Intervista con Piero Bassetti

Quale era la finalità di questa missione?

Favorire, in un luogo simbolico quale Silicon Valley, l’incontro tra due “avanguardie”: da un lato quella tecnologica californiana, che prima ha generato il Web e oggi usa la rete per rigenerare la manifattura; dall’altro lato, l’avanguardia del “saper fare con bellezza”, intenta a reinventare una tradizione secolare testimoniata dalla bottega leonardesca, dai maestri del design, dalle innovazioni politecniche.

Il terreno di confronto è definito dalla trasformazione produttiva (una nuova rivoluzione industriale, secondo “The Economist”) che, nei paesi a capitalismo maturo, si lascia alle spalle tanto il taylorismo dei Tempi moderni di Chaplin, quanto le più fresche illusioni di uno sviluppo prevalentemente immateriale. Stampanti 3D e laser cutter sono usciti dai garage e divenuti fatto produttivo: è la prima trasformazione strutturale – relativa ai modi di fare cose – nell’epoca del Web e del glocal.

Come è stato recepito l’approccio italiano all’innovazione artigiana? Quali i nostri punti di forza, e specificità, anche a valle del confronto del mondo dei makers americani?

Può apparire una risposta provocatoria, ma direi che la nostra “missione” è stata un successo anzitutto perché ha rimarcato enormi distanze di approccio. Per esempio, durante un workshop ospitato da Singularity University (che ha sede in una base NASA) si sono confrontati, tra gli altri, Jonathan Knowles, che si occupa di design in Autodesk e Apple, e Rodrigo Rodriquez, vicepresidente di Flos.
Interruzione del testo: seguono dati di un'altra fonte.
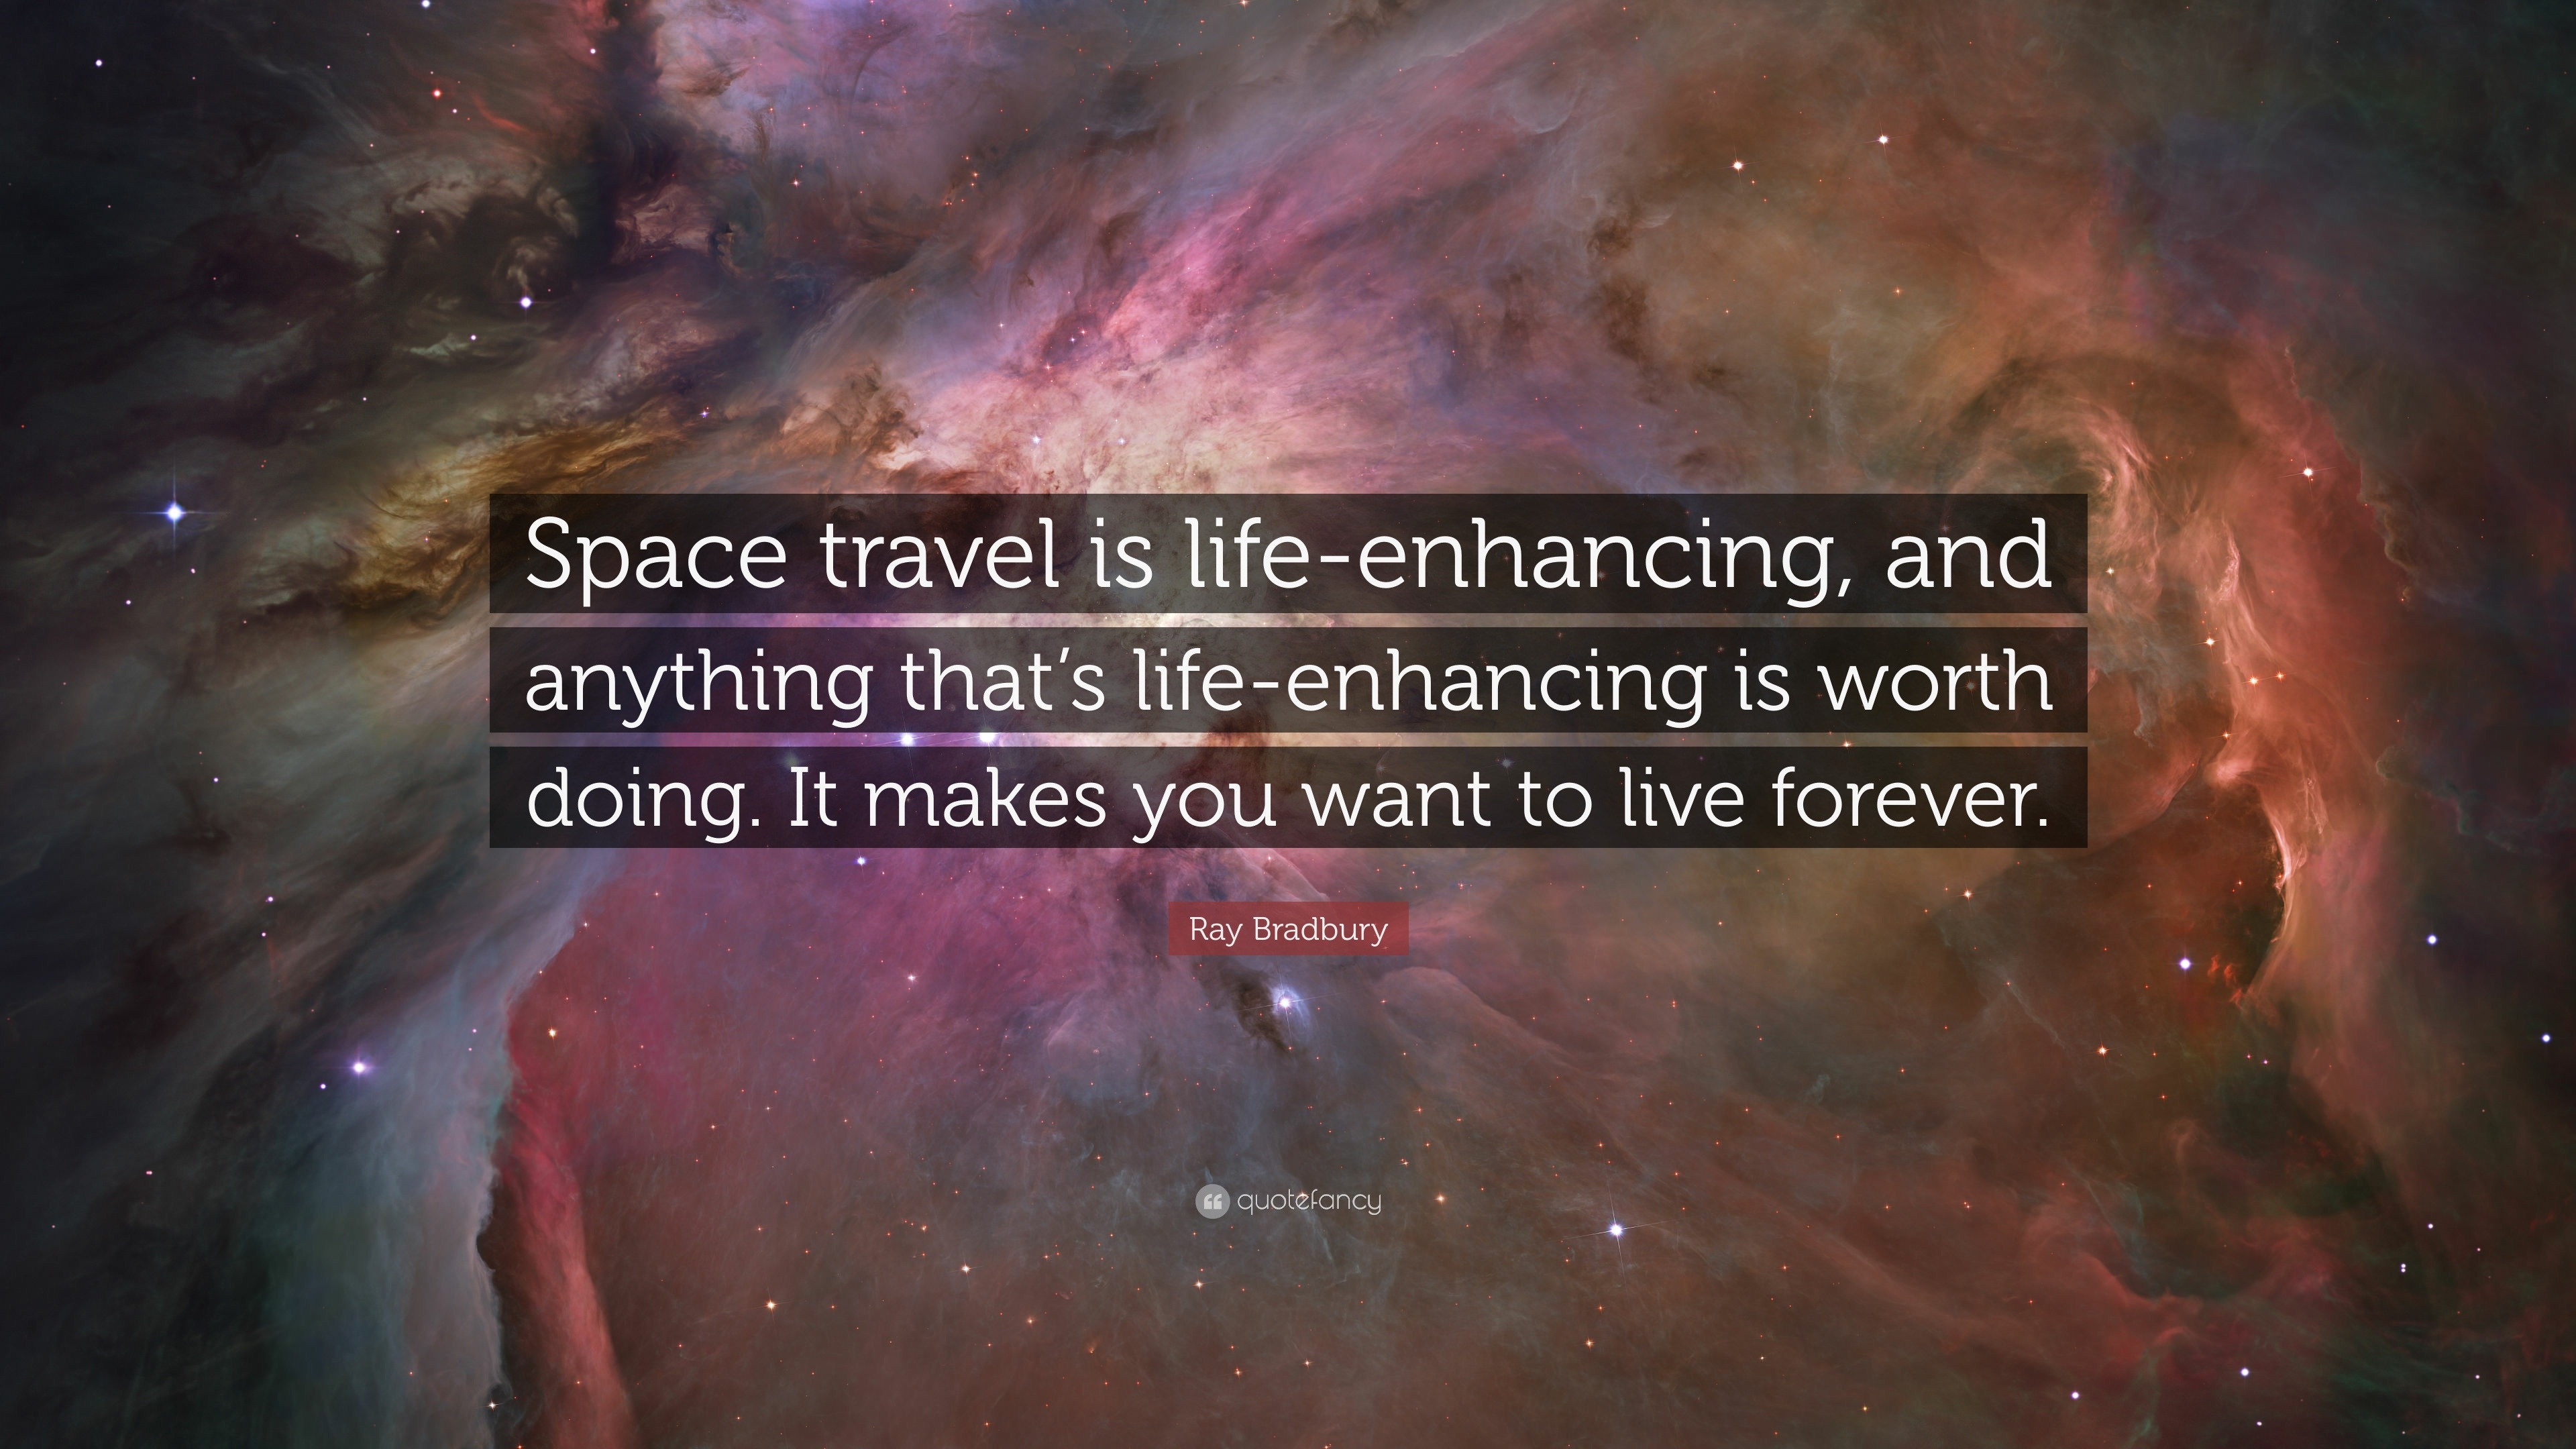 some words about space travel

Knowles ha espresso entusiasmo per l’opportunità di “espandere” il potenziale della storia attraverso la tecnologia; mentre Rodriquez ha provato a dimostrare che espandendo sensibilità, gusto e armonia, si potenzia la capacità umana di connettere testa, cuore e mani: un valore che noi associamo all’artigianato e incorporiamo nell’accezione europea di design.
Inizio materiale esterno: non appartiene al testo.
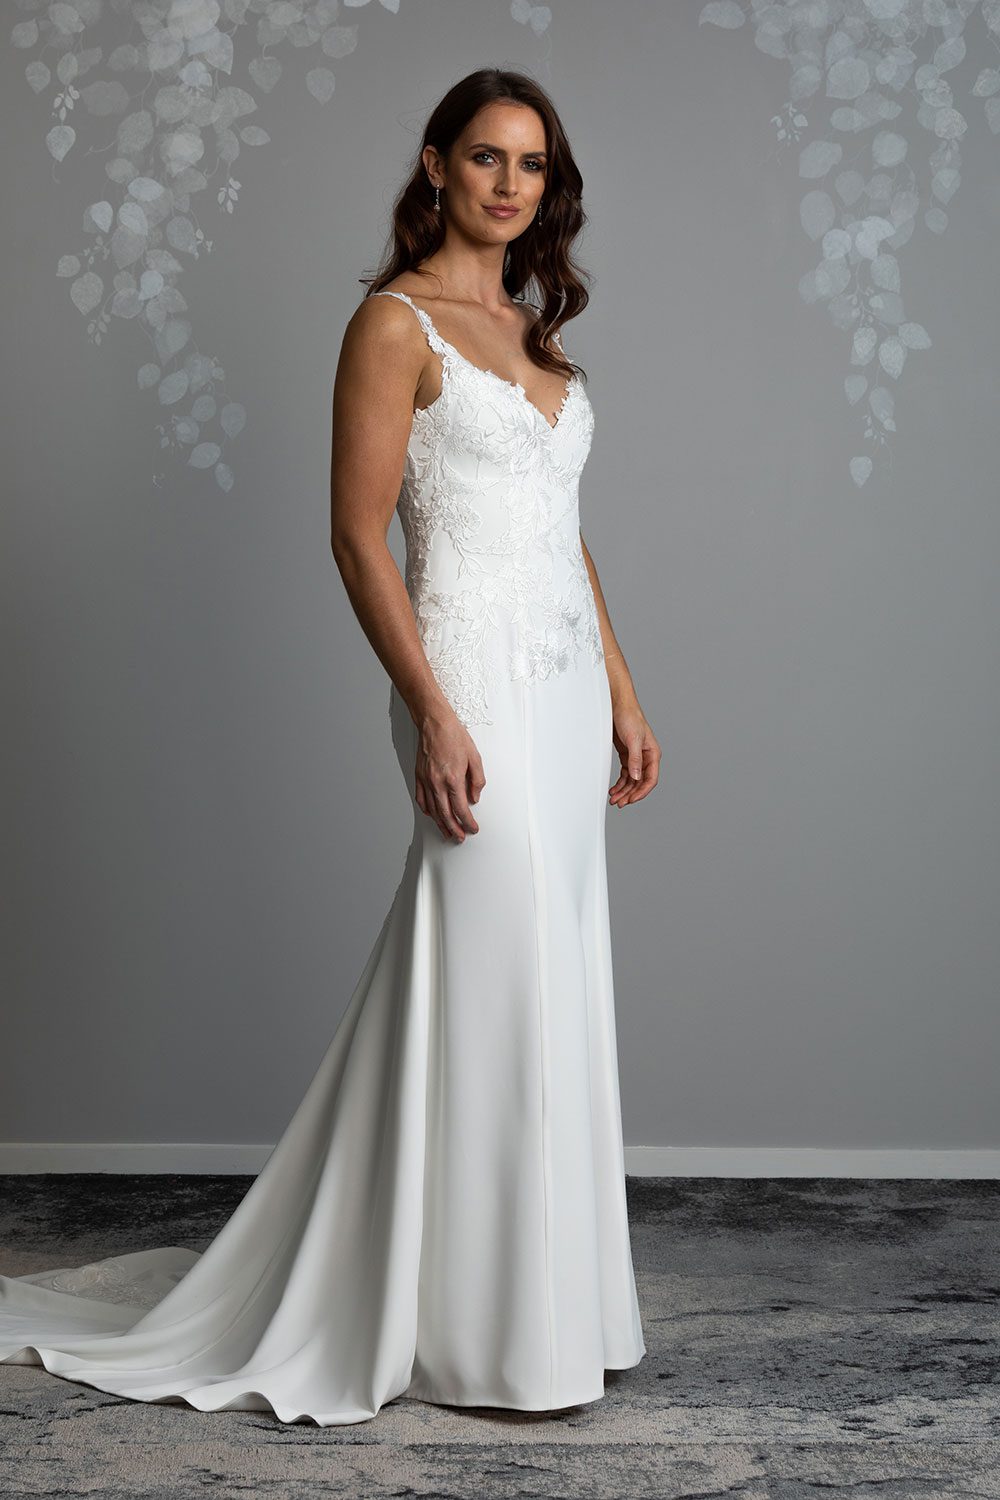 Ana Wedding gown from Vinka Design - This beautiful gown is graced by hand-appliqued delicate floral leaf lace, subtly worked into the front of the bodice and more prominently on the back. A fit-and-flare cut shapes the figure. Profile of front of the gown with intricate lace detailing and sculpted panels leading to a long train

Dobbiamo tenere presente che, pur nelle differenze, sono approcci comunicanti. Basti pensare a due fatti: il primo è il successo mondiale di Arduino, che è stato creato a Ivrea, ma spopola tra i makers americani; il secondo è l’avanzata, negli Stati Uniti, della parola artisanship, piuttosto della tradizionale craftsmanship, per definire l’artigianato. Tema non trascurabile per noi di Fondazione Bassetti, che definiamo poises intensive l’innovazione legata a design e artigianato, perché poietico è ciò che potenzia l’uomo. Il bello è una responsabilità collettiva.

Volendo tirare le somme?

Siamo a un turning point, del quale la produzione additiva e le stampanti 3D sono solo la punta dell’iceberg. Cambia la relazione tra lavoro tecnologico e persona, intesa nelle sue dimensioni etiche e imprenditoriali. Di fronte alla sollecitazione dei makers, mi sento di affermare che oggi anche la bellezza sta divenendo sostanza dell’innovazione. Non puoi prescinderne anche se sei capace di produrre qualunque oggetto nel tuo garage, finanziarlo col crowdfunding e immetterlo in una value chain sconfinata tramite Internet. Non puoi rinunciare perché è divenuta essa stessa valore, molto più di quanto non avvenisse nel 1960.
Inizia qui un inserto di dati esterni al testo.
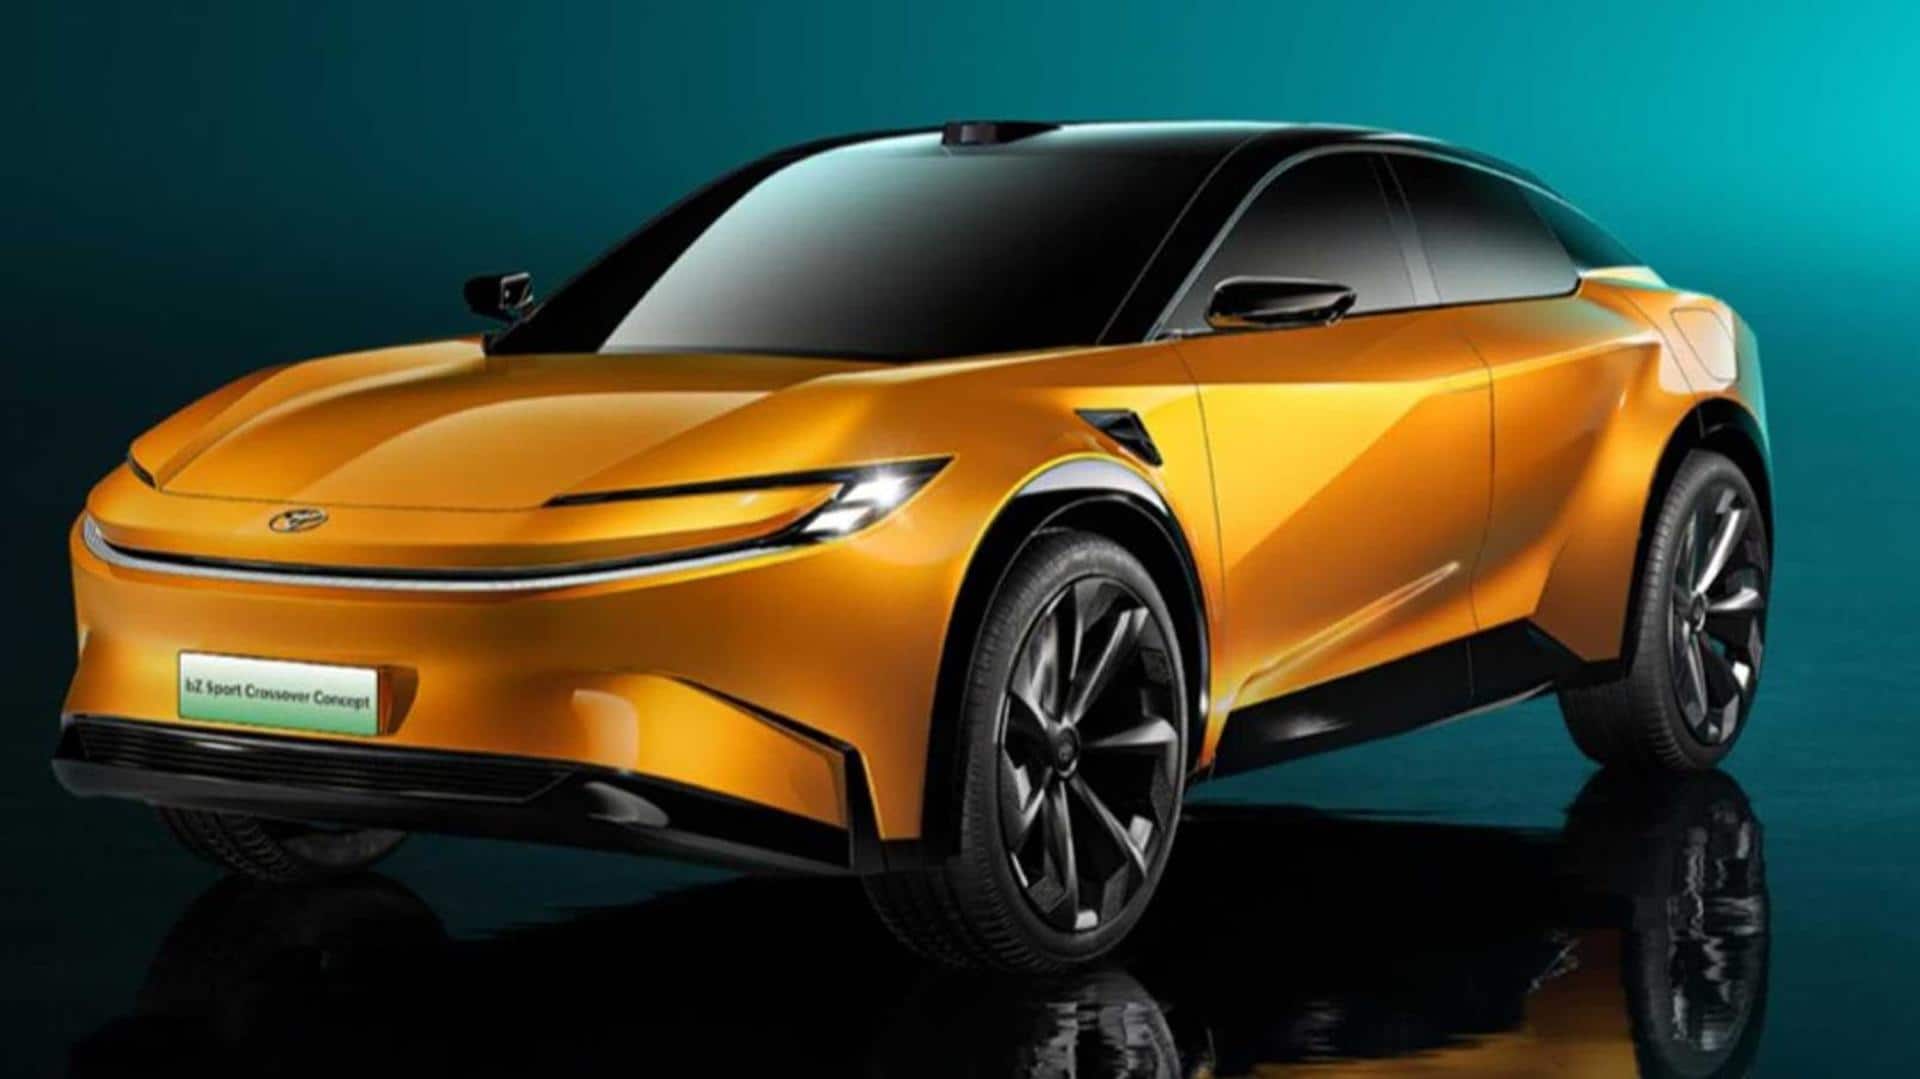 Toyota bZ Sport Crossover, bZ FlexSpace concepts debut: Check features

Intervento di Paolo Manfredi, Confartigianato

La prima, umanissima, reazione a una visita alla Silicon Valley è d’invidia verso una realtà economica in piena salute, ricca di entusiasmo e fanciullesca voglia di sperimentare.

La seconda è di curiosità verso un sistema che si evolve e cambia continuamente e sta passando dall’eccellenza tecnologica all’eccellenza imprenditoriale nella tecnologia: non si corteggiano bravi scienziati, ma imprenditori dinamici ed entusiasti, che daranno lavoro a bravi scienziati e tecnologi in tutto il mondo.

La terza è di cauta preoccupazione: la Silicon Valley ora è attivamente in cerca delle nostre risorse più dinamiche e vocate a creare valore, offrendo loro condizioni di contesto per bene operare, che sono semplicemente introvabili altrove. La Silicon Valley oggi è per gli startuppers quello che era Parigi a fine Ottocento per i pittori impressionisti: brain gain per loro, brain drain per noi.

Volendo derivare indicazioni pratiche da questi appunti di viaggio che superino le polarità del non fare (da “diventiamo anche noi la Silicon Valley” a “si tratta di un modello irraggiungibile”), quali sono le indicazioni più rilevanti che emergono?

Se mai ha avuto senso il modello frattale (cercare di riprodurre in piccola scala tanti modelli di Qualcosa Valley dove tutti fanno tutto), non ha definitivamente più senso: anche nel luogo della geometrica potenza della tecnologia e dell’innovazione si stanno selezionando quegli elementi della catena del valore che ha senso tenere internamente e fare crescere (l’istruzione superiore e la creazione d’impresa) e quelli che ha più senso esternalizzare (la formazione di base, lo sviluppo). Dove ci si dividono risorse limitate, ha vieppiù senso concentrarle dove queste possano rendere al meglio.

I tecnologi italiani sono molto apprezzati per la qualità della nostra istruzione di base, innanzitutto in termini di flessibilità e capacità di pensiero laterale. Al contempo, il costo del lavoro in Silicon Valley è ormai tale da non consentire più di tenere in loco la fase di sviluppo, perché i programmatori costano troppo. In un’ottica di divisione globale del lavoro, se la Silicon Valley sta diventando un enorme acceleratore d’impresa, logica vorrebbe che una media potenza tecnologica come la nostra si adoperasse per accrescere la pipeline di risorse qualificate da accelerare in California, offrendo poi le condizioni ideali per accogliere qui le funzioni di sviluppo. Una simile soluzione potrà non piacere agli estensori dell’Agenda digitale e delle cervellotiche e inefficaci misure sulle startup ivi contenute, ma creerebbe quei risultati di cui abbiamo terribilmente bisogno.